Часть 5 из 31 В начало
Для доступа к библиотеке пройдите авторизацию
Да и мама никакая не «урожденная», у него с детства была догадка, что папу Сосницкого она себе придумала. Потому что у бабушки была фамилия Коровина. Значит, и дедушка был Коровин? Хотя мама уверяла, что бабушка после развода поменяла фамилию на девичью, а в браке была Сосницкая… И мама в девичестве была Сосницкая. Но мама ведь и придумать может, она в этом смысле большая затейница. Потому что звучит совсем некрасиво — Тюрина-Коровина… Куда как лучше — Тюрина-Сосницкая!
Нет, в самом деле, далась ей эта прибавка к Тюриной. Зачем?
Сколько детских обид, больших и маленьких, они пережили с Жанной. Сколько боли. Целое море обид и боли. Нет, все-таки интересно, это море иссякнет когда-нибудь? Испарится, высохнет? И что останется на его месте? Пустыня?
Нет, не надо об этом думать. Именно сейчас — не надо. Можно так себя раздраконить, что мало не покажется. И вообще, надо в другую сторону думать, надо проблему решать. Интересно, что Жанка отцу ответила? Наверное, тут же к маме помчалась. На всех парусах.
Он вздрогнул, почувствовав, как мягкие Ольгины ладони легли на его плечи. Не услышал, когда она подкралась. До такой степени в себя ушел.
— Завтракать будешь? Идем, я блинчиков хочу напечь. С какой начинкой хочешь, с творогом или с мясом?
Голос у Ольги был вполне себе миролюбивый, ласковый даже. Все правильно, так всегда и бывает. Выпустила пар и сразу покладистой стала. Или нет, не так! Выплюнула свое раздражение, теперь ей за плевок стыдно, пришла утереть. Так же и мама всегда поступала с отцом.
— Ну? Чего ты молчишь? С творогом или с мясом? Пойдем на кухню, у меня там сковородка на плите.
Юлиан молча развернулся, пошел за ней.
На кухне висел легкий сладкий дымок, пахло блинами. Как всегда, Юлиан едва протиснулся на свое место, кухонный диванчик-уголок привычно принял в свои объятия.
— Так я не поняла… чего там с мамой-то? — обернулась от плиты Ольга, ловко перевернув очередной блин на сковородке.
— У мамы ноги отказали. Врач сказала, больше не встанет. Надо решать вопрос, — механически произнес он, поглаживая рукой пластиковую столешницу.
— Так а что решать-то, не понимаю?.. С ней же отец. Он всегда готов услужить и все сделать.

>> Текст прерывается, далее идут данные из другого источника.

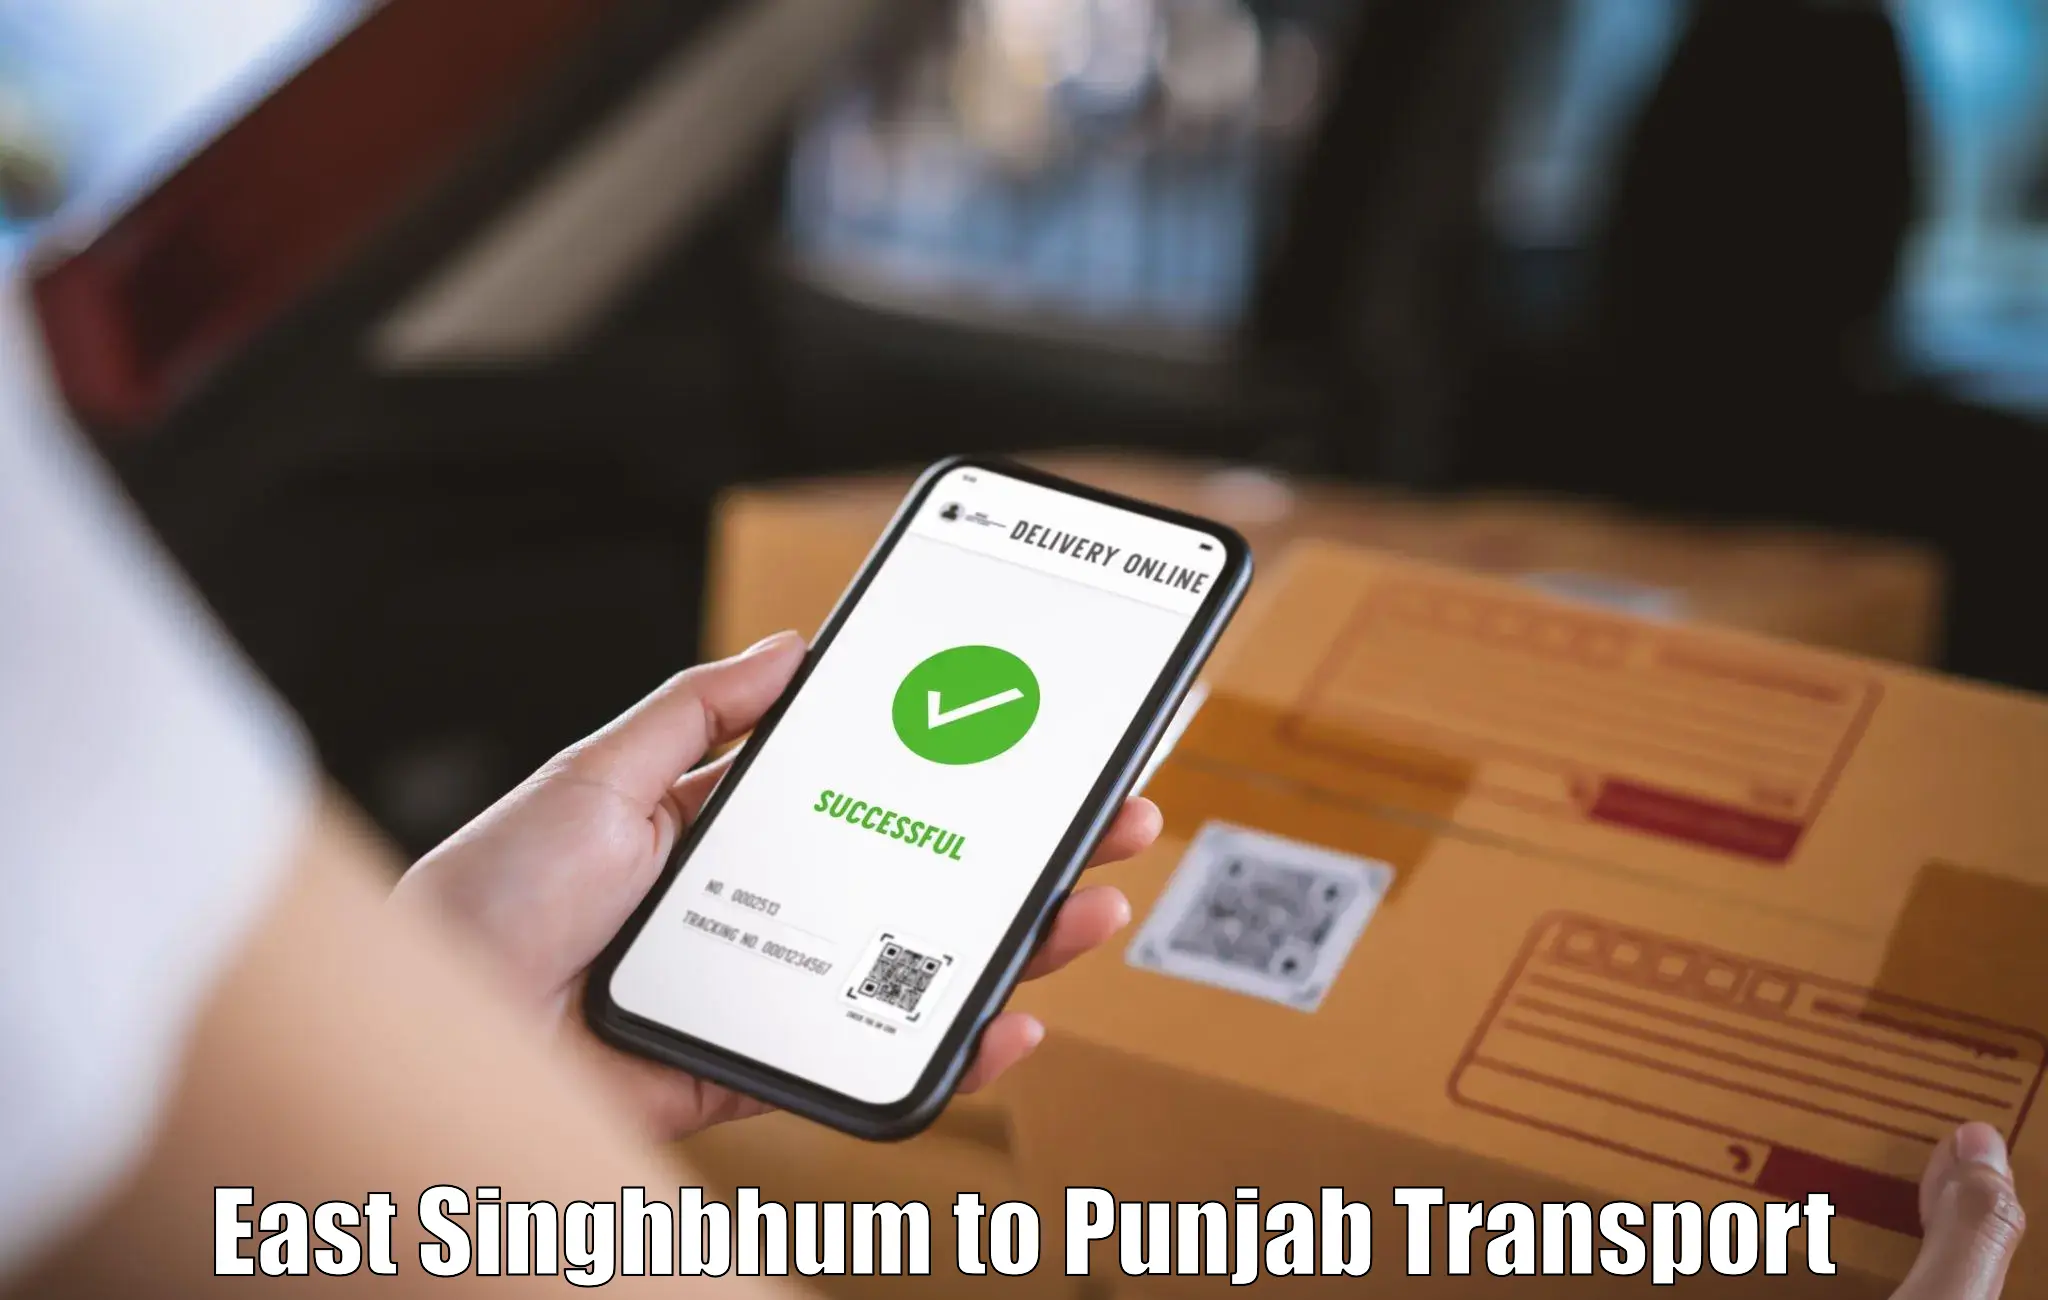 Road transport online services East Singhbhum to Sultanpur Lodhi

— Отец пьет. Ты же знаешь. На него надеяться особо нельзя.
— Ну, пьет. И что такого, подумаешь! Чтобы за памперсами в магазин сбегать или судно вынести, необязательно трезвость блюсти. Даже наоборот.
— Мама терпеть не может, когда он пьяный. Раньше она его за это гоняла, а теперь процесс будет неконтролируемым и непредсказуемым. Понятно?
— Эка ты об отце-то. Как о совсем пропащем да чужом говоришь. С металлом в голосе. Он же отец тебе, не кто-нибудь.
— Он пьет, Оль!
— И что? Надо же, какой чистоплюй выискался! Да если бы мой отец-молодец когда-нибудь отыскался. Хоть бы весточку какую прислал. Да я бы его любого приняла да обласкала, хоть пьяного, хоть какого.
— Для чего бы ты его приняла да обласкала? Чтобы маму ему всучить?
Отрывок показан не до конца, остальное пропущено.